You can use find_index
and pass the needed value from the array:
a = ["a", "b", "c"]
p a.find_index('a')
p a.find_index('b')
p a.find_index('c')
# => 0
# => 1
# => 2
You can use map
to get every element inside your a
array and then to get the index corresponding to each element:
p a.map{|e| a.find_index(e)}
# => [0, 1, 2]
Another possible way to handle it could be to use the Enumerable#each_with_index
:
a.each_with_index{|e,i| puts "Element: #{e}, Index: #{i}"}
# => Element: a, Index: 0
# => Element: b, Index: 1
# => Element: c, Index: 2
If you want to check the indexes for each element in ["b", "c"]
using the ["a", "b", "c"]
array, you can map the first one, get the array values, and then use the a,b,c
to check those indexes:
p ["b", "c"].map{|e| ["a", "b", "c"].find_index(e) }
# => [1, 2]
You can also see Array#index
and Enumerable#find_index
.
find_index
takes a single element. You could find the minimum by doing something like
a = ["a", "b", "c"]
to_find = ["b", "c"]
to_find.map {|i| a.find_index(i) } .compact.min # => 1
You can use Array#index
with a block.
a = ['a', 'b', 'c']
a.index { |x| ['b', 'c'].include?(x) }
#=> 1
Quote from the docs:
If a block is given instead of an argument, returns the index of the first object for which the block returns true. Returns nil if no match is found.

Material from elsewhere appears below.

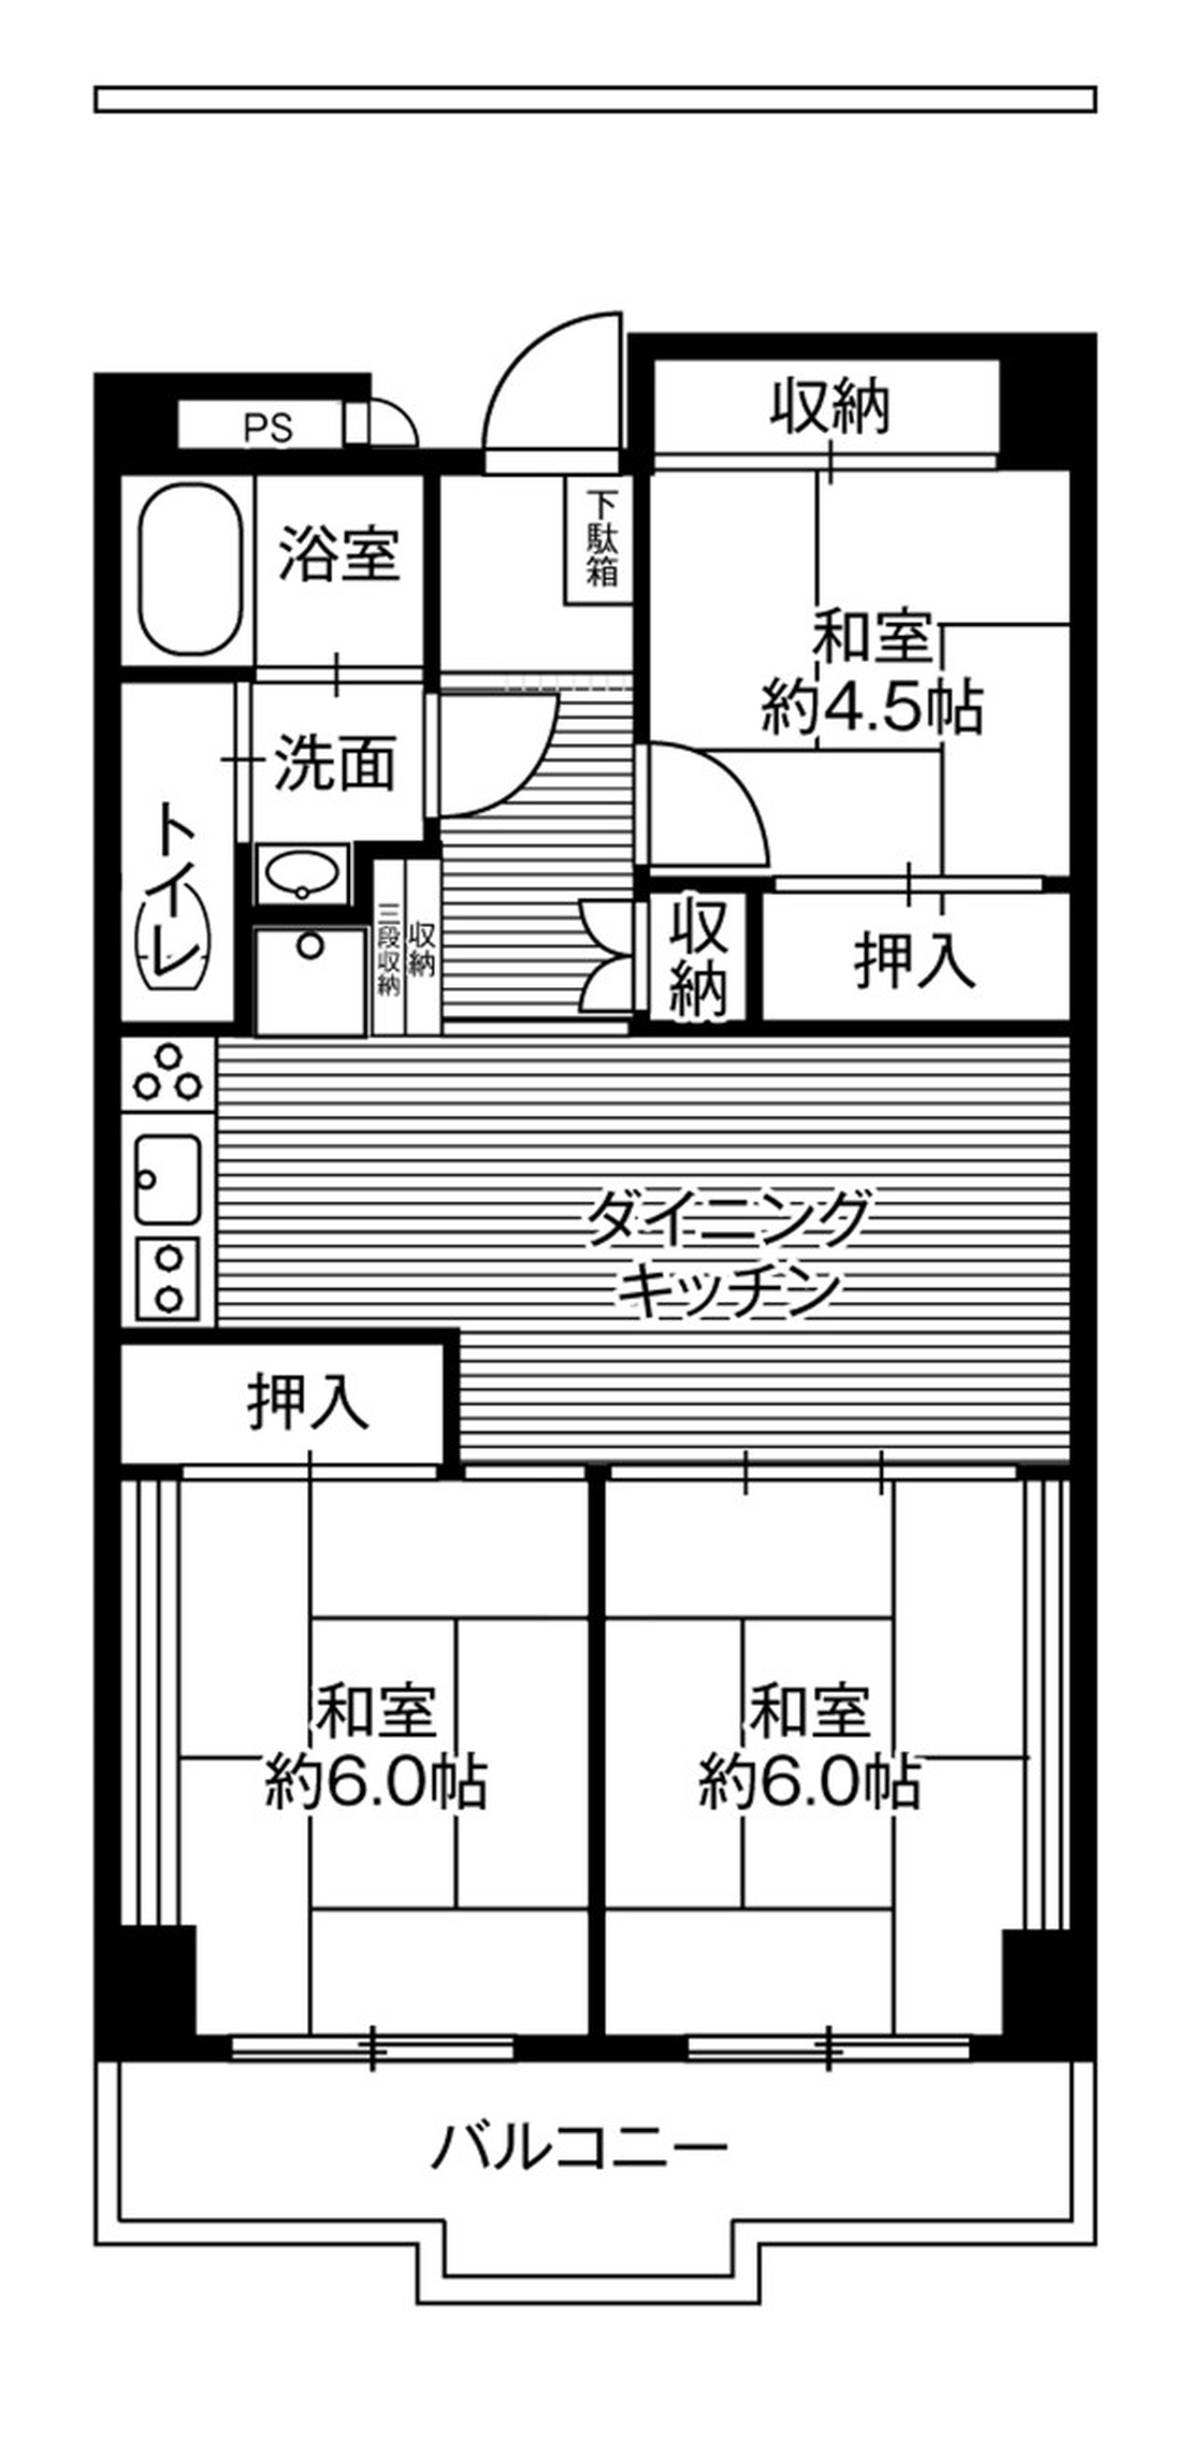 3DK floorplan of Village House Tochigi Hinode Tower in Tochigi-shi

As Cary pointed out in his comment it is not the most performant algorithm to compare all elements in a
against all elements in ['b', 'c']
(this would lead to O(n*m)
). Depending on the size of both arrays if might sense to build a more efficient data structure first. Using a Set
instead of an Array has some cost in creating the set
upfront, but makes the comparison in the block much faster (overall O(n+m)
):
require 'set'
a = ['a', 'b', 'c']
set = Set.new(['b', 'c'])
a.index { |x| set.include?(x) }
#=> 1